Thanks, Surya. I will defer this question to Neil, who heads our commercial for our API business.
Yes. Thanks, Surya, for the question. So Surya, we already have a very well-established client based on immunosuppressant and also our clients are well spread globally. And today, we have large market share being advanced markets, emerging markets as well as domestic markets in India. And many of our existing immunosuppressants, we are unable to fulfill the market demand. So we believe the additional capacities that would kick in with our investment, it would fulfill those demand. And our leadership market position that we have would become even stronger. And you're right with your thought that while there has been a dearth of capacity for past 24 months. we believe that we would be able to overcome the sentiments against China and get a larger market share than what we have today.
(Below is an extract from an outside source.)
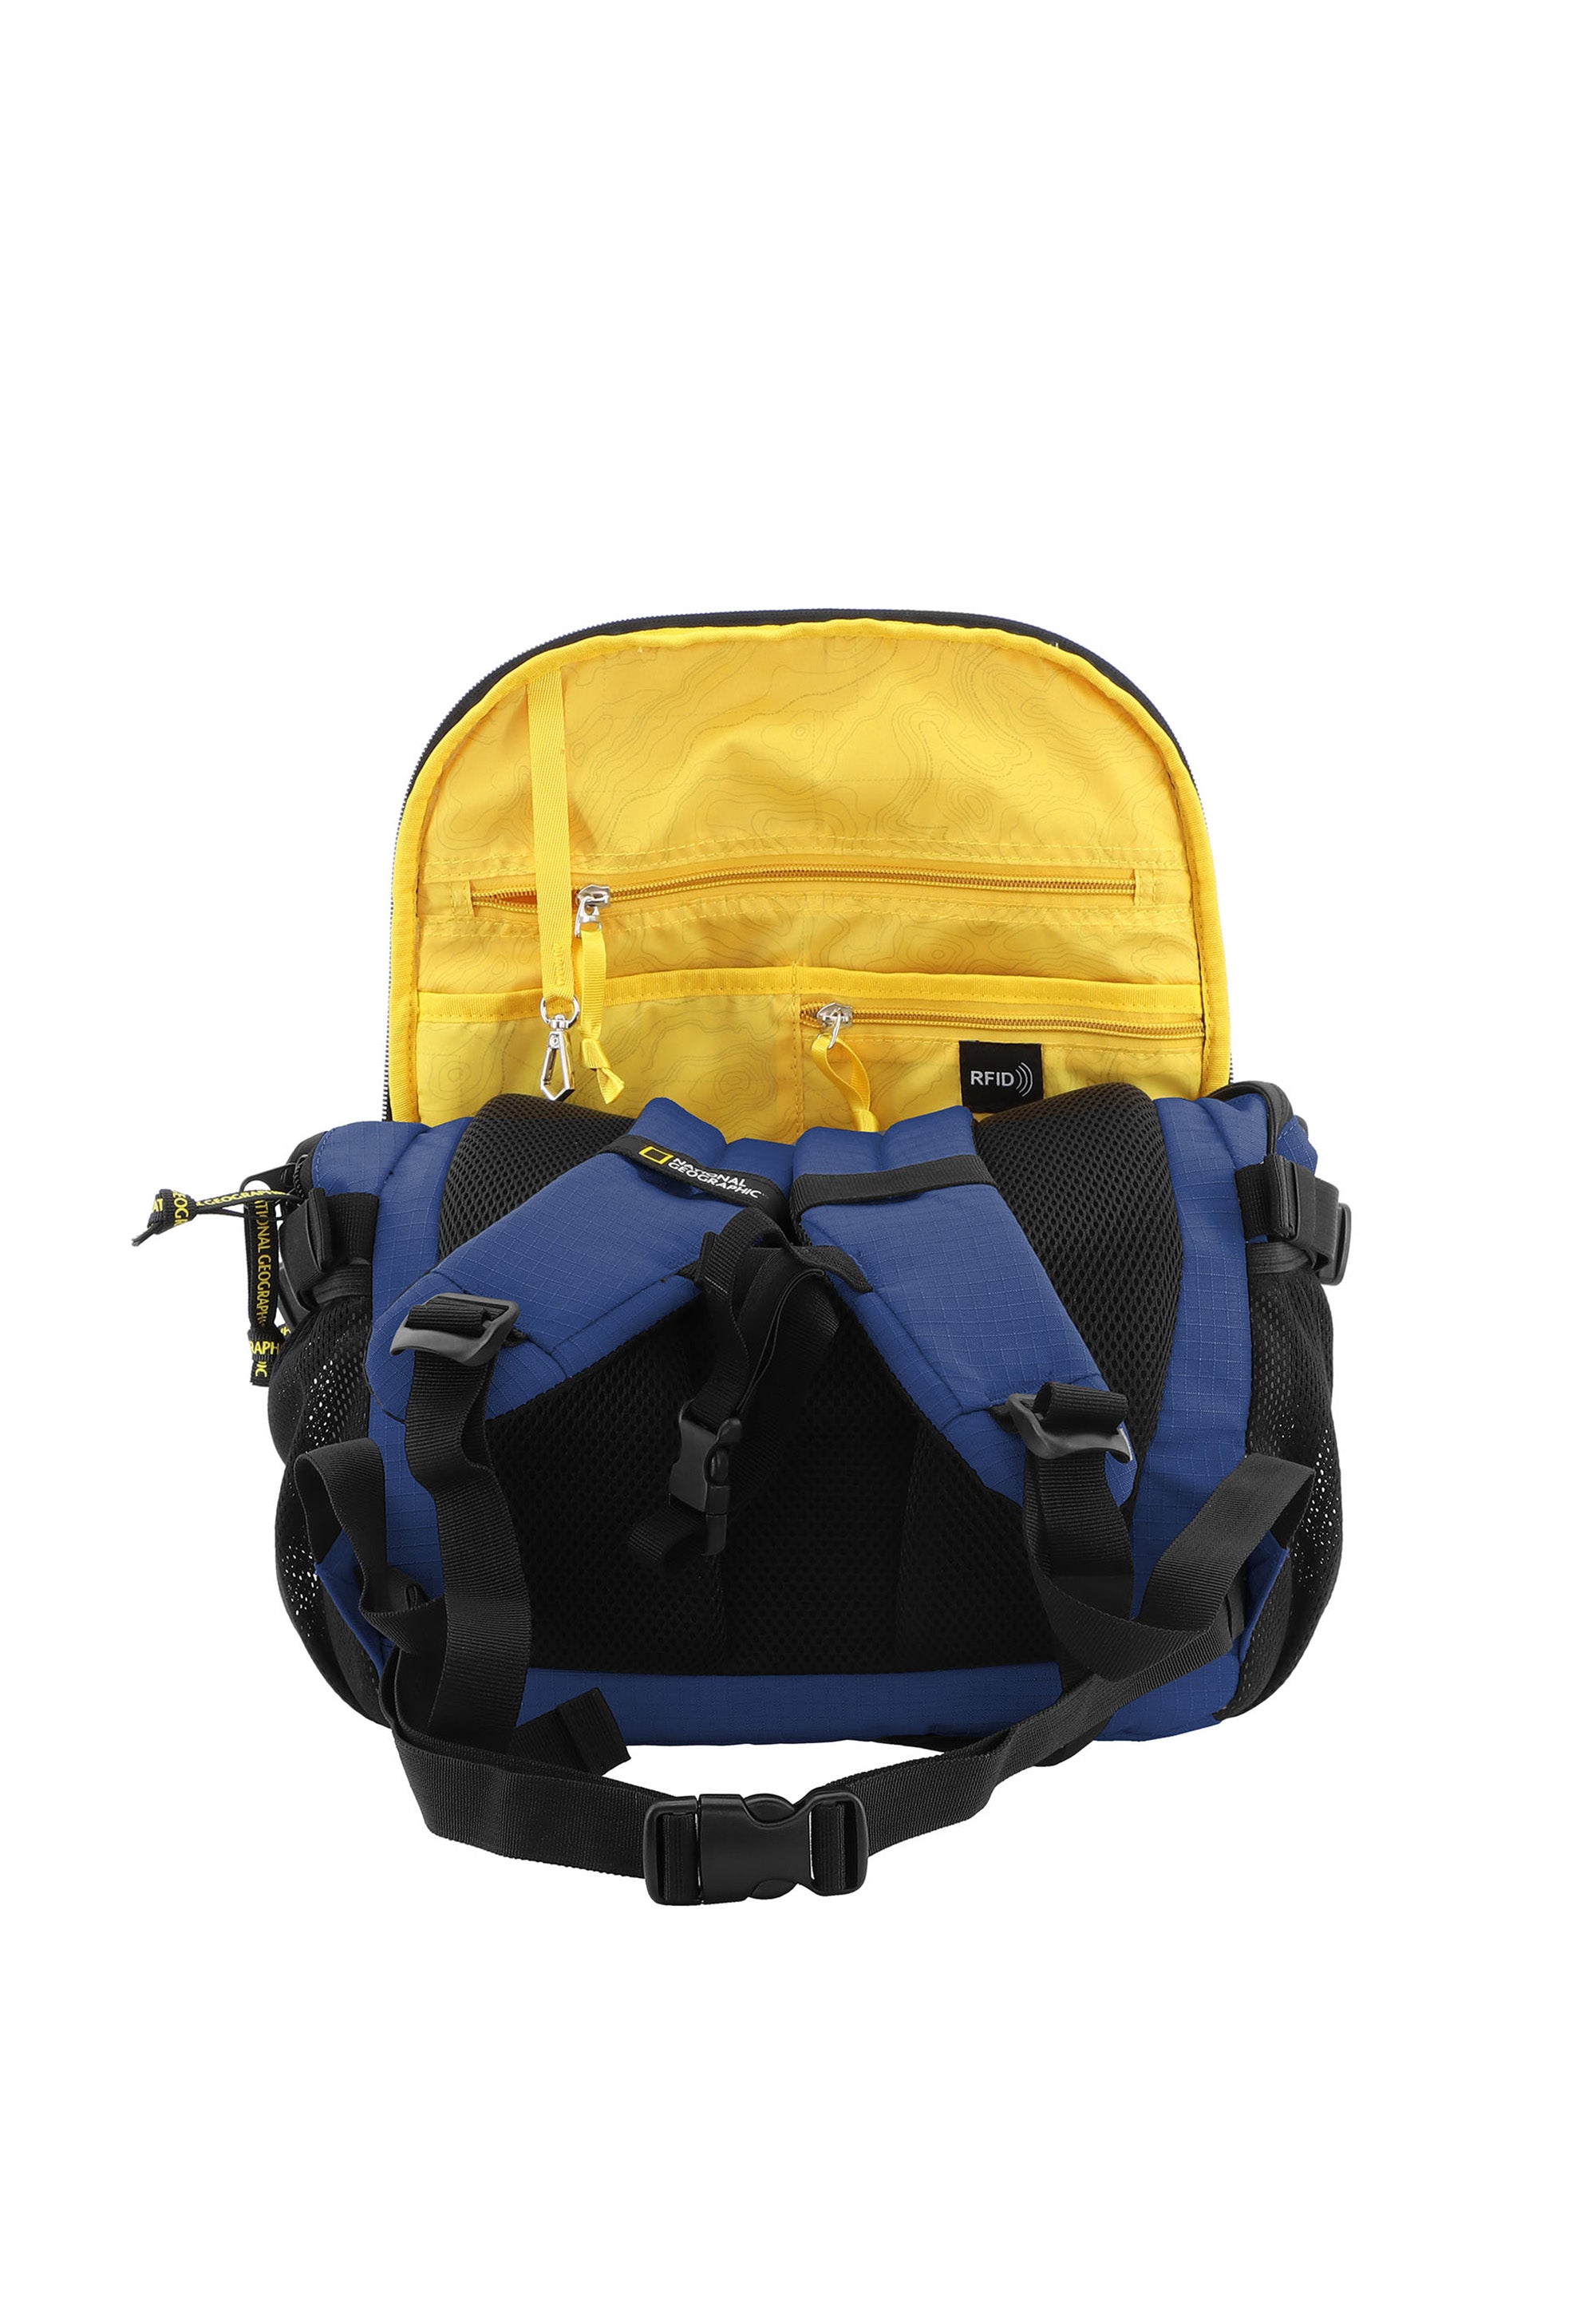 National Geographic - Explorer III | Rucksack aus recycelten PET-Flaschen | Blau
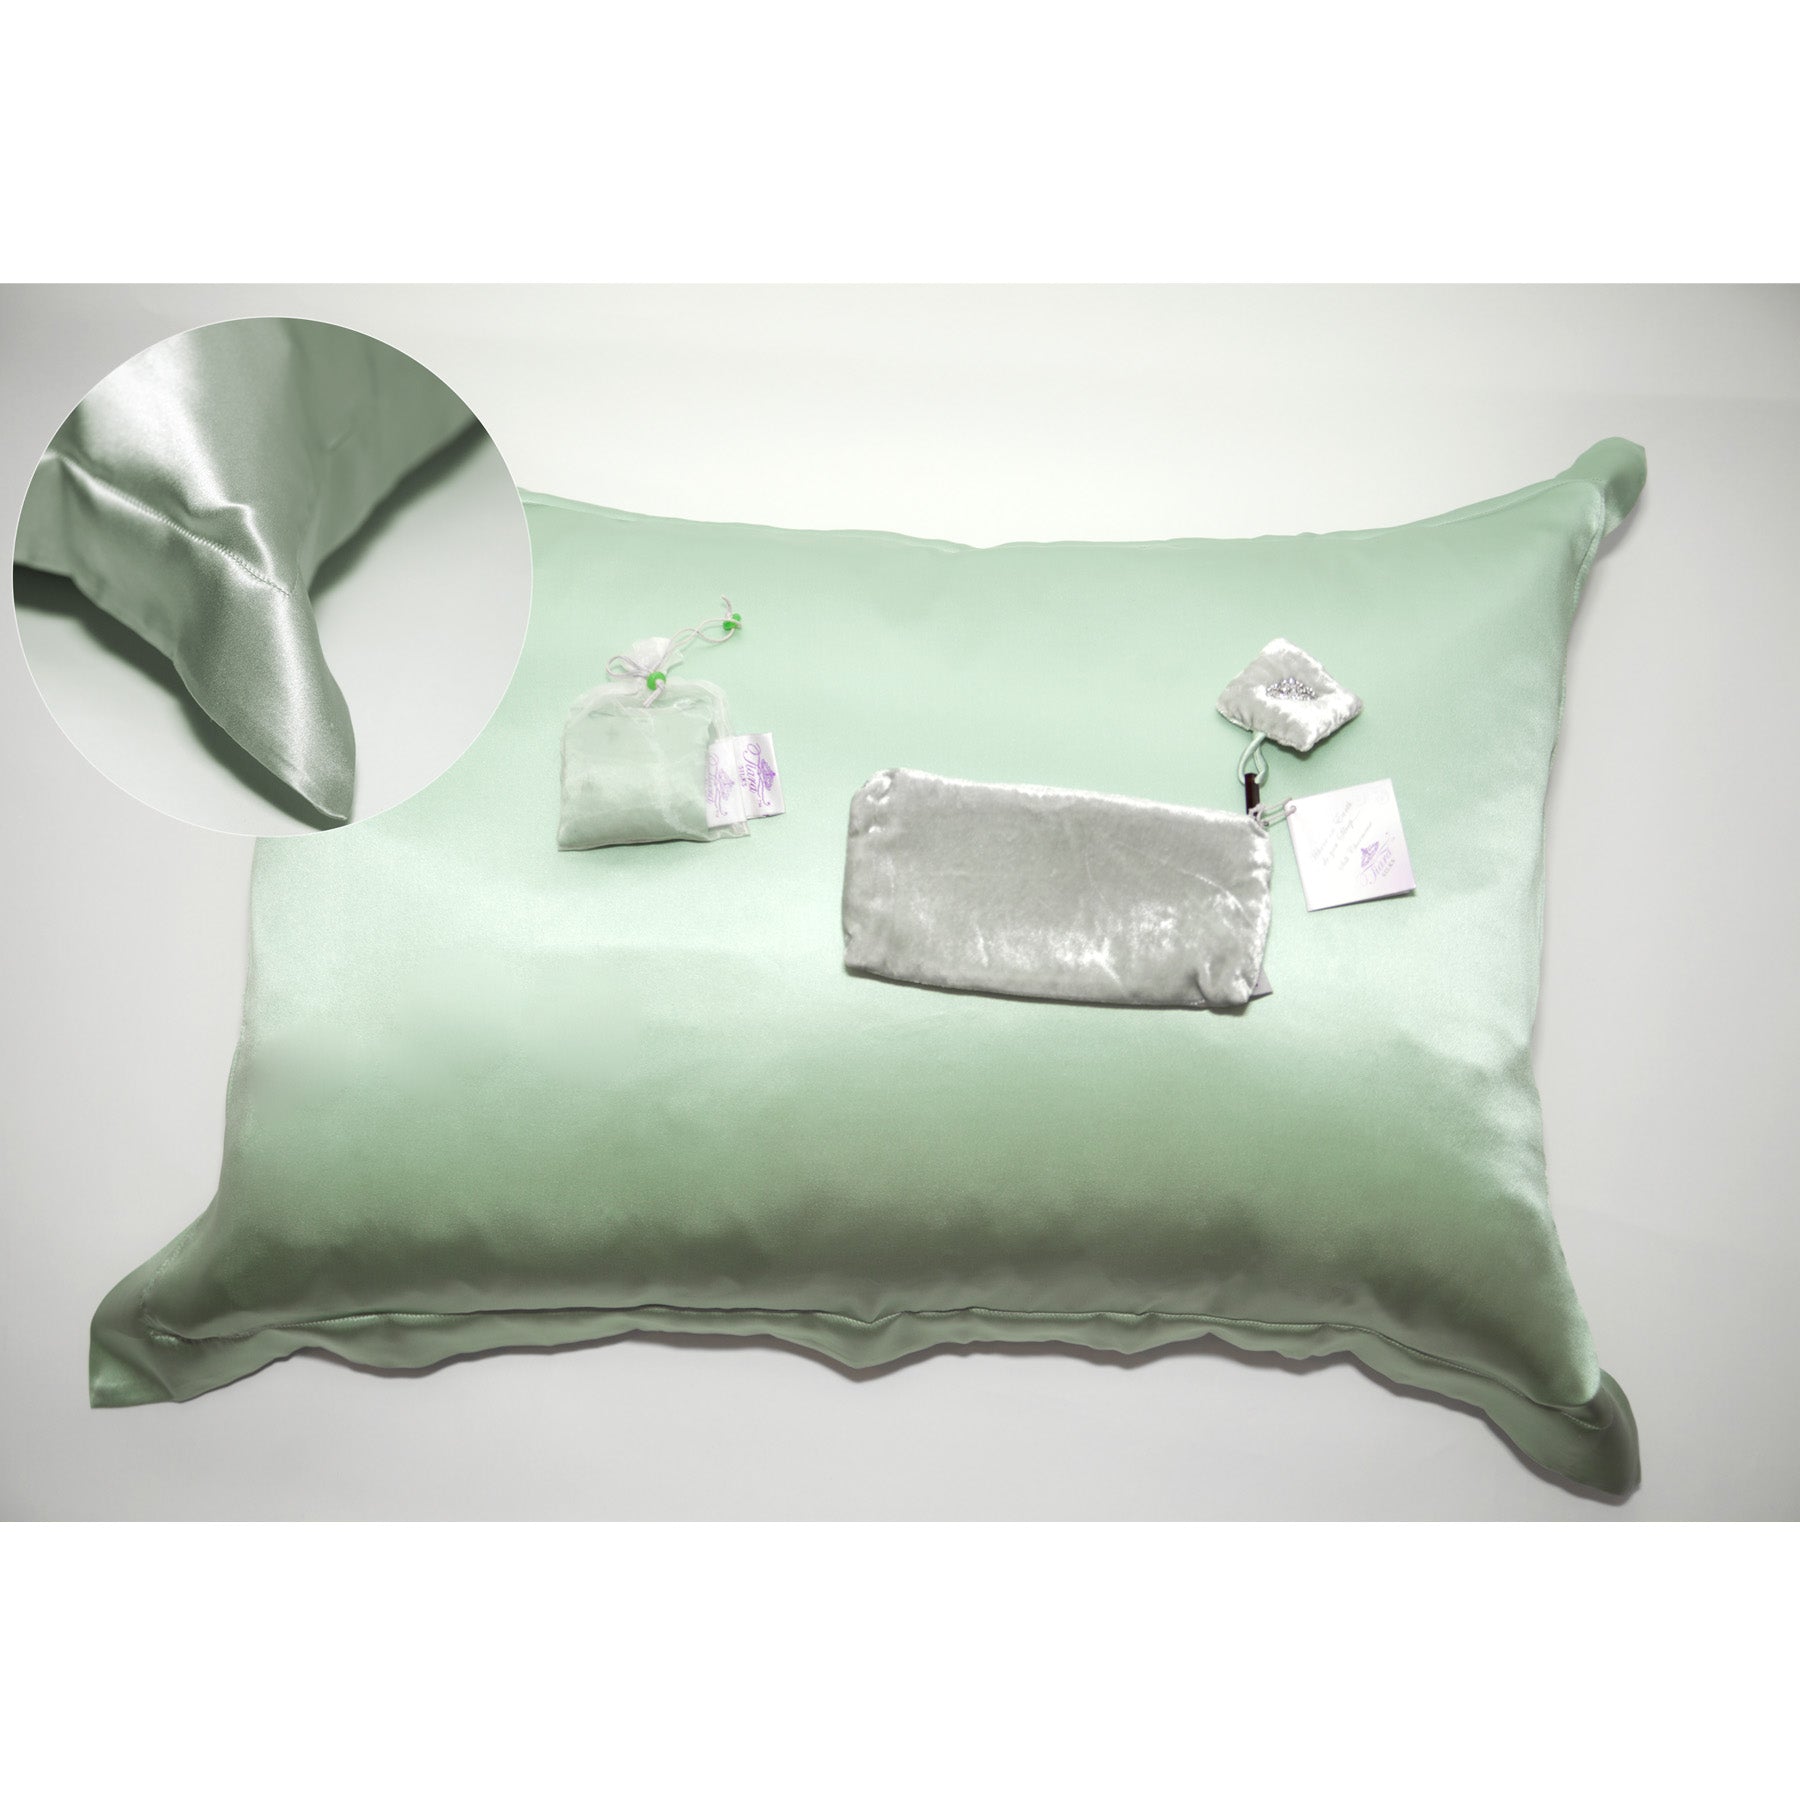 Tiara Silks® Aromatherapy Silk Pillowcase with Zipper Velvet Travel Bag

In fact, if I may just add for the immunosuppressants in fact, we are working with many Chinese companies to sell immunosuppressants for the Chinese market. So that's -- you can understand that if the Chinese companies are buying from India, that shows the uniqueness and differentiated part of this molecule where there are not many companies locally who is able to get the drug at the same quality that they are able to source from us.
Sure, sir. Sir, is it free from China kind of product category in terms of?
Yes, from a logistics perspective or supply chain dependency we are, this is not dependent on China.
I think this was the last question for the day. We thank you all again for joining today. If you have any additional questions, please feel free to reach out to Aishwarya or myself. We look forward to seeing you again next quarter. Have a good day.